Ok. Brief explanation. You are to run 10 tasks "simultaneously". 4 of
them are
counting pulses (or reading some buses if you would like to ;) while 6
others
are some timing, converting information, sending and receiving RS232
stuff.
Each slice of code has some execution time t1,t2,t3,... You can run
everything
in straight way in one loop when one follows by another but you will got
total
loop execution time exactly equal to t1+t2+t3+...+t9+t10 which is
enormously huge ;)
Forgot to mention that those pulses of course are longer than 10
sampling periods.

But you can reduce it significantly if will run each task separately in
different
time slots. Timer constantly generates required slots. Two different
types of
processes: constant rate happened and floating. Sampling ports and doing
RS232
for instance are constant rate processes. Those should be sampled by
every pass
but finding edges can be scheduled for later. To reduce total time you
also need
to do finding edges in parallel for all 4 port pins. So you are just
collecting
information for analyzing it in later time. Total execution time in this
case of
every loop is no more than tC+tMAX where tC is time for driving/reading
constant
rate part of all process and tMAX is maximal execution time of longest
process.
Average execution time is reduced anyway. So applying this trick with
accumulating
first and executing later you can either do it faster or move this part
of code
into timer driven interrupt and forget about it (it becomes to be
transparent and
you don't care about low level programming anymore just playing with
flags, buffers
and semaphores on "high" level of art ;))

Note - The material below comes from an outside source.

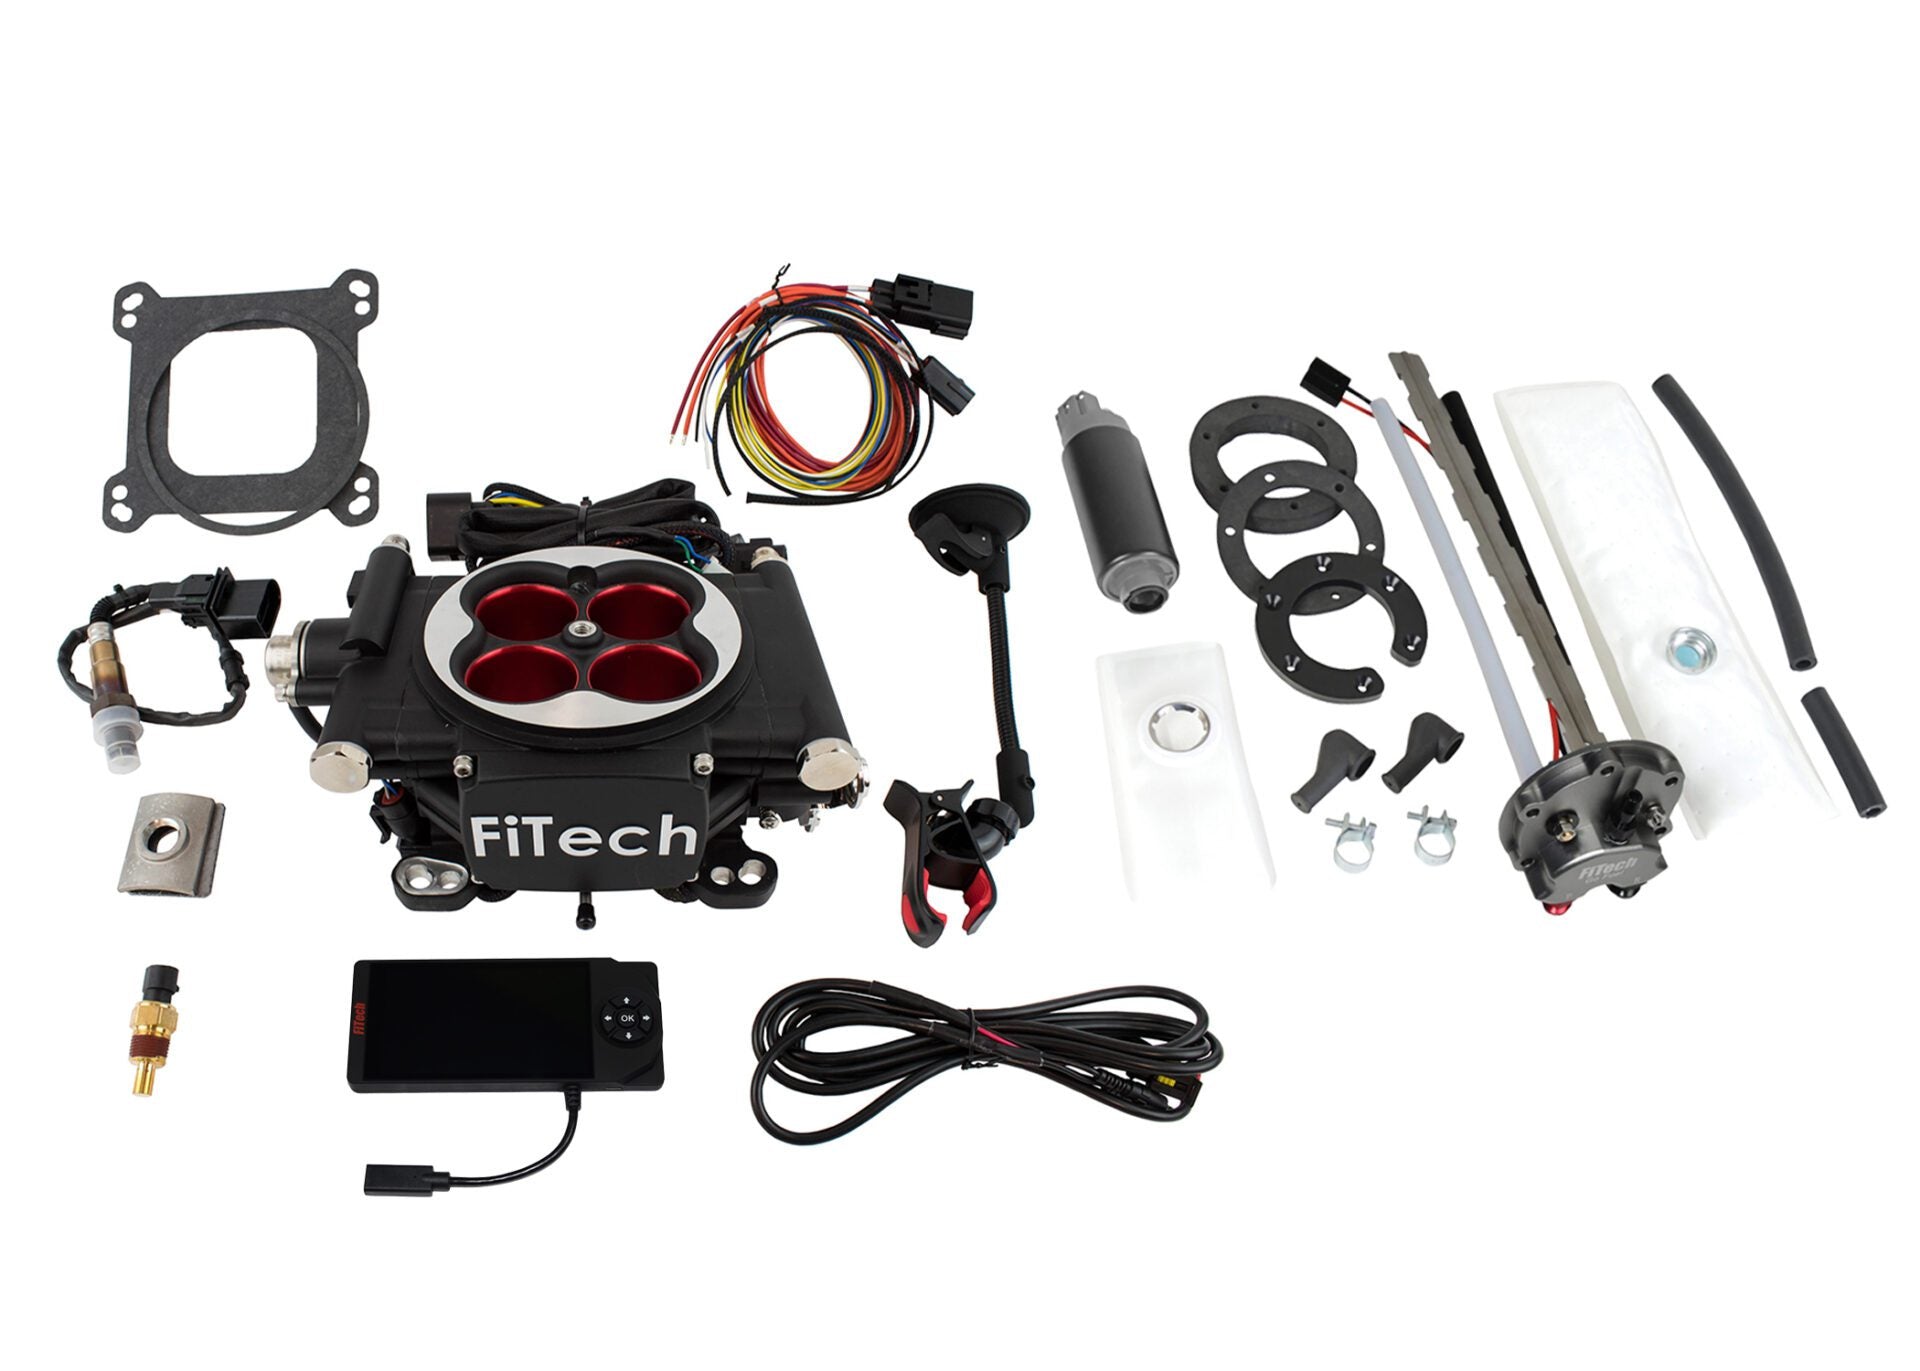 FiTech 36204 Go EFI 4-600 HP EFI System Power Adder - Matte Black, In Tank Retrofit Kit 50015

> XORing the new value with the previous value yields a mask for all the
> changed bits.  ANDing the result of that with the old value yields 1s for
> all the falling edges, and ANDing with the new value yields 1s for all the
> rising edges.  These falling and rising edge masks can be accumulated by
> ORing them with previous versions if that's what you want to do.

Anding that mask with inverted current bit also produces falling flag.
It's very easy to check. So you need to store only one variable (last
one)
and being exchanging it with a new one will have flags the same time.

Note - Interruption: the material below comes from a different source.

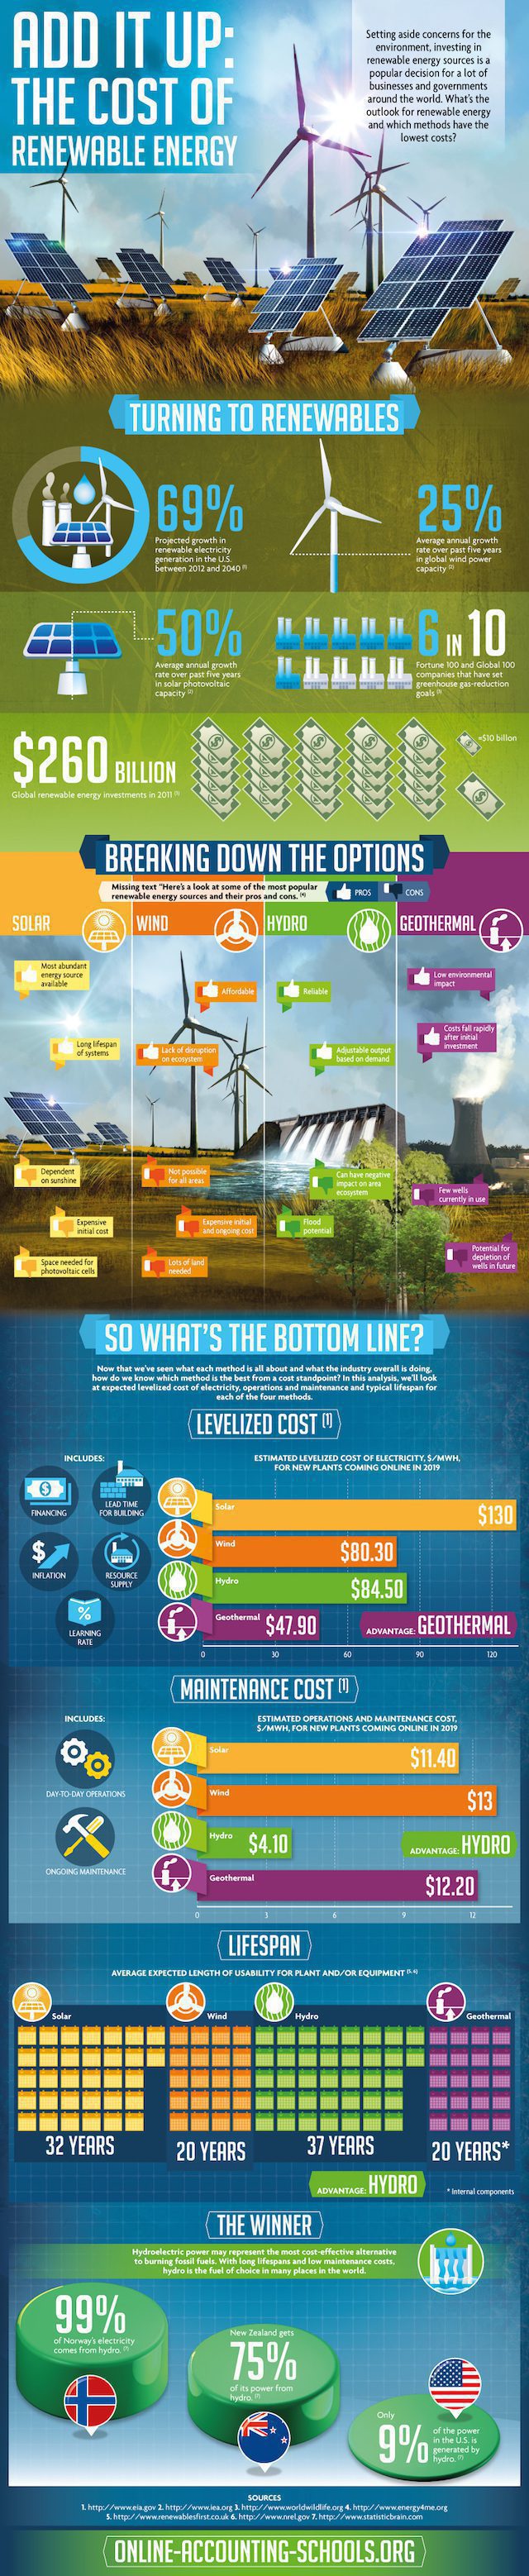 The Cost of Renewable Energy

> This seems a lot simpler than your aAbB... scheme, but I may be missing what
> your objective is.
Correct. I'm using the technique you are talking about together with
aAbB..

WBR Dmitry.

PS. Just check it now. a is previous and b is current.

(a^b)&b = A&b -> rising flag
(A^B)&B = a&B -> falling flag

                       ;W holds current
       xorwf   prev,W  ;update prev
       xorwf   prev,F  ;with new value
       andwf   prev,W  ;get flags

Got two kind of flags the same time ;)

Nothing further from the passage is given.